電視新聞上滿是與選舉有關的事件,竊盜通緝犯返鄉投票遭警察逮捕,翔熙想自己連通緝犯都不如,通緝犯甘冒風險也要盡公民義務。還有一名男子自己去錯了投票所,卻不滿地與警察發生衝突,結果遭到壓制。隨著投票結束時間的臨近,沒返鄉投票的焦慮略降,但是隨著開票時間愈來愈近,對於開票結果的焦慮油然而生,並且愈來愈沉重,他沒法做別的事,不管做什麼都讓他內疚,他開始後悔,就是到機場等候補似乎都好過這樣讓內疚煎熬著自己,但現在一切都來不及了。衣服在滾筒洗衣機裡隨著水流翻攪,脫水後一件一件拿出,放入烘乾機在溫熱的風裡載浮載沉,等他將乾淨的衣服拿回家,距離投票截止時間只剩一小時,這麼重要的民主活動進行的時候,他卻在做什麼時候都能做的事,他責罵自己,但是什麼都無法挽回。

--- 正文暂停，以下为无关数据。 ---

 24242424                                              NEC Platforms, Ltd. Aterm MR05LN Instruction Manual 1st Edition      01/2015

衣服收進衣櫥,他只能打開電視看開票,怪的是這回開票沒懸念,兩個主要競爭候選人的票幾乎是等比例的增加,輸贏一直維持在百分之十左右,沒出現過忽高忽低的拉鋸,令人起疑。更怪的是原本民調高的候選人,也就是奶奶支持的候選人,竟然在開票過程中一直居劣勢。以前他曾聽在電視台工作的同學說,開票頭一個小時的票數根本沒意義,電視台只是根據民調編的,後面的票數才是真正中選會統計的數目,這一次卻如此一致,沒有故弄玄虛有高有低,以留住觀眾看開票?他心裡的疑惑很快便被敗選引發更大的自責掩蓋,翔熙坐立難安,開票的速度比想像中快,才六點多,新聞轉播的觀察專家已經認為大勢底定,翔熙遲疑著撥了奶奶的電話,想若無其事的問奶奶吃飯沒,卻被心情跌入谷底的奶奶搶白幾句後掛了電話。翔熙看著票數愈拉愈大,卻不能以即使他回去投票了也無法扭轉大局來安慰自己。

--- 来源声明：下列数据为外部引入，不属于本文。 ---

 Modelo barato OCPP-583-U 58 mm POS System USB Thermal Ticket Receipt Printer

電視畫面先後出現各個候選人發表勝選感言、敗選感言,他竟然在敵營的候選人發表勝選感言的會場看到漣□,鏡頭在她身上停了幾秒,新聞節目攝影師經常喜歡以鏡頭尋找捕捉會場清秀美麗的女子,或者是垂淚的支持者。翔熙意識到,原來他們並非同一陣線,怎麼以前他沒想過這個可能呢?以及這個可能會產生怎樣的影響?他默默喜歡漣□四年了,一個總統任期呢,卻連這一點都沒發現。漣□的政治傾向打擊著他,他想起周五與漣□晚餐時,他已經深深背叛了奶奶。與此同時,他又想起周一上班,他若沒帶家鄉特產請同事品嘗,別人是否會發現他未返鄉投票?並因此在背後唾棄他,尤其是政治立場一致,原該以同志相挺的人,他的腦子飛快運轉,思索著在台北哪裡曾看過販售花生酥和牛肉乾,周日趕快先去買,這樣周一才能帶到公司掩人耳目。

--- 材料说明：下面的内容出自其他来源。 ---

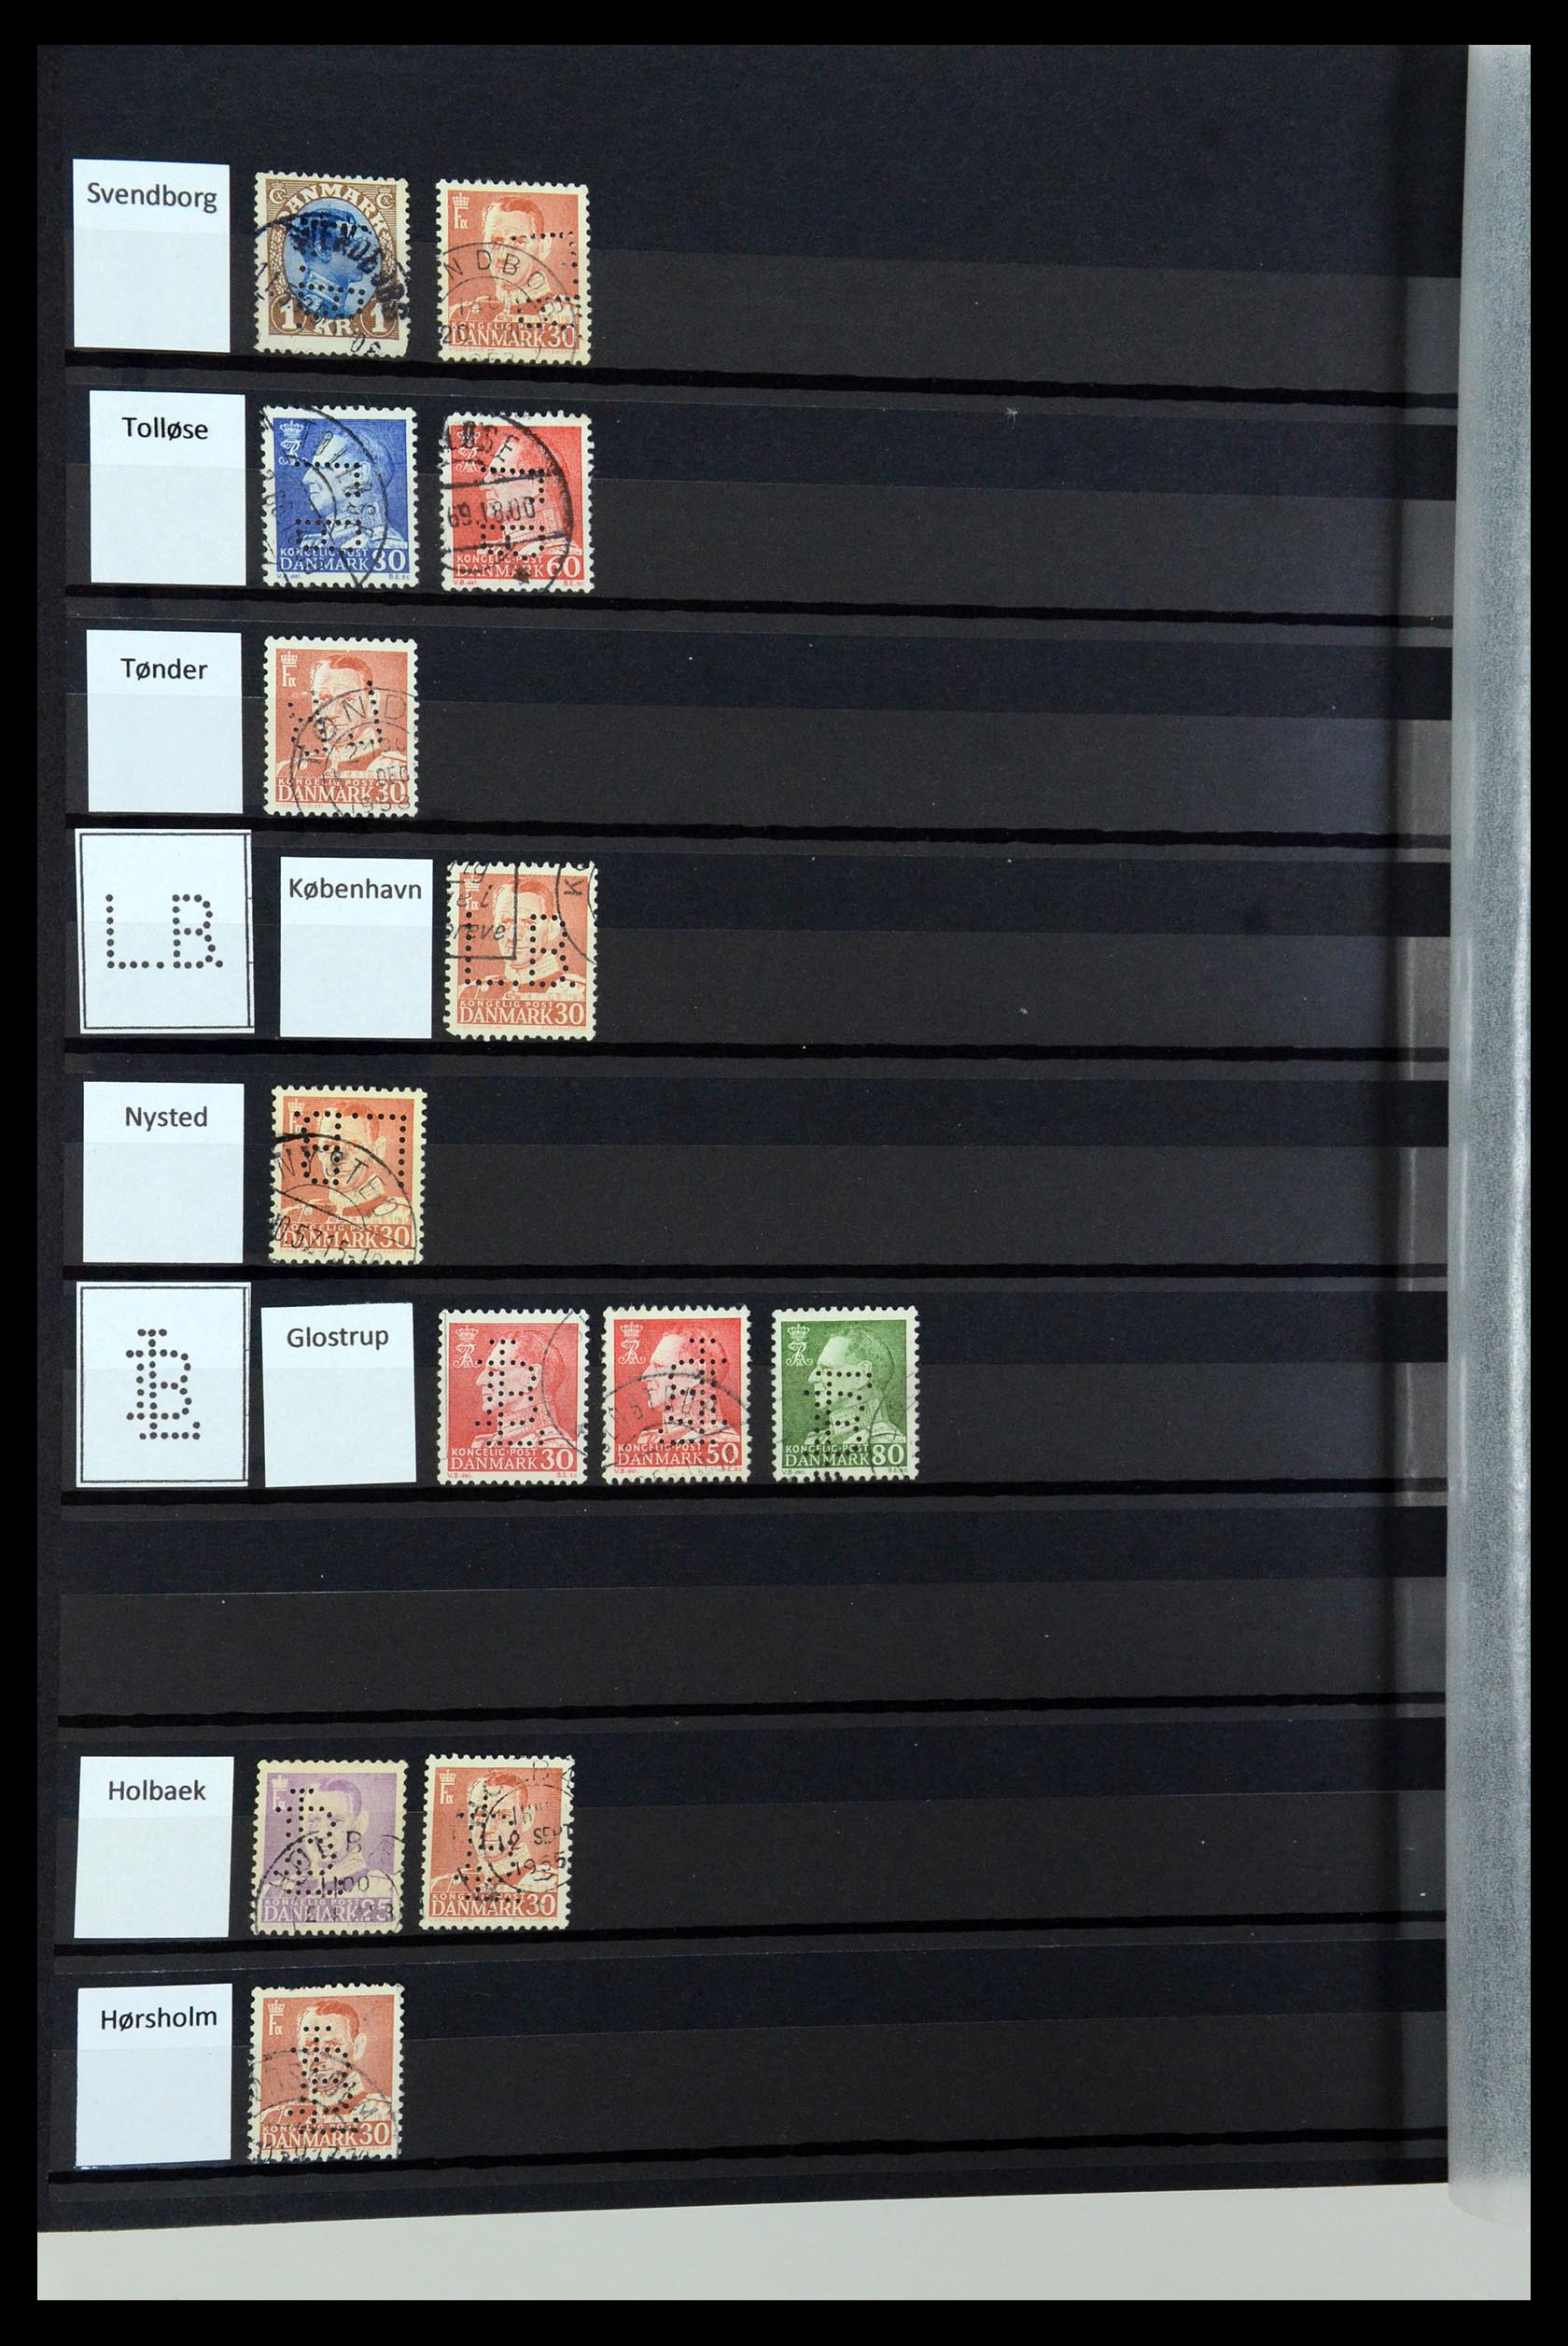 36396 087 - Stamp collection 36396 Denmark perfins.

來到陸地上的哺乳動物為什麼又回到水裡,至今仍是一個謎。翔熙想如果自己是一頭鯨,是不是煩惱就會少了些,也許鯨就是預見到了這一點,所以早早回到海裡,當然,也說不定變成鯨的他出生後根本沒來得及浮出水面呼吸,如果水生動物淹死在水中,是不是有些荒謬?現在的他確實以為自己快被混亂心緒淹沒。然而真正的淹沒還在後面,只是那時翔熙還不知道。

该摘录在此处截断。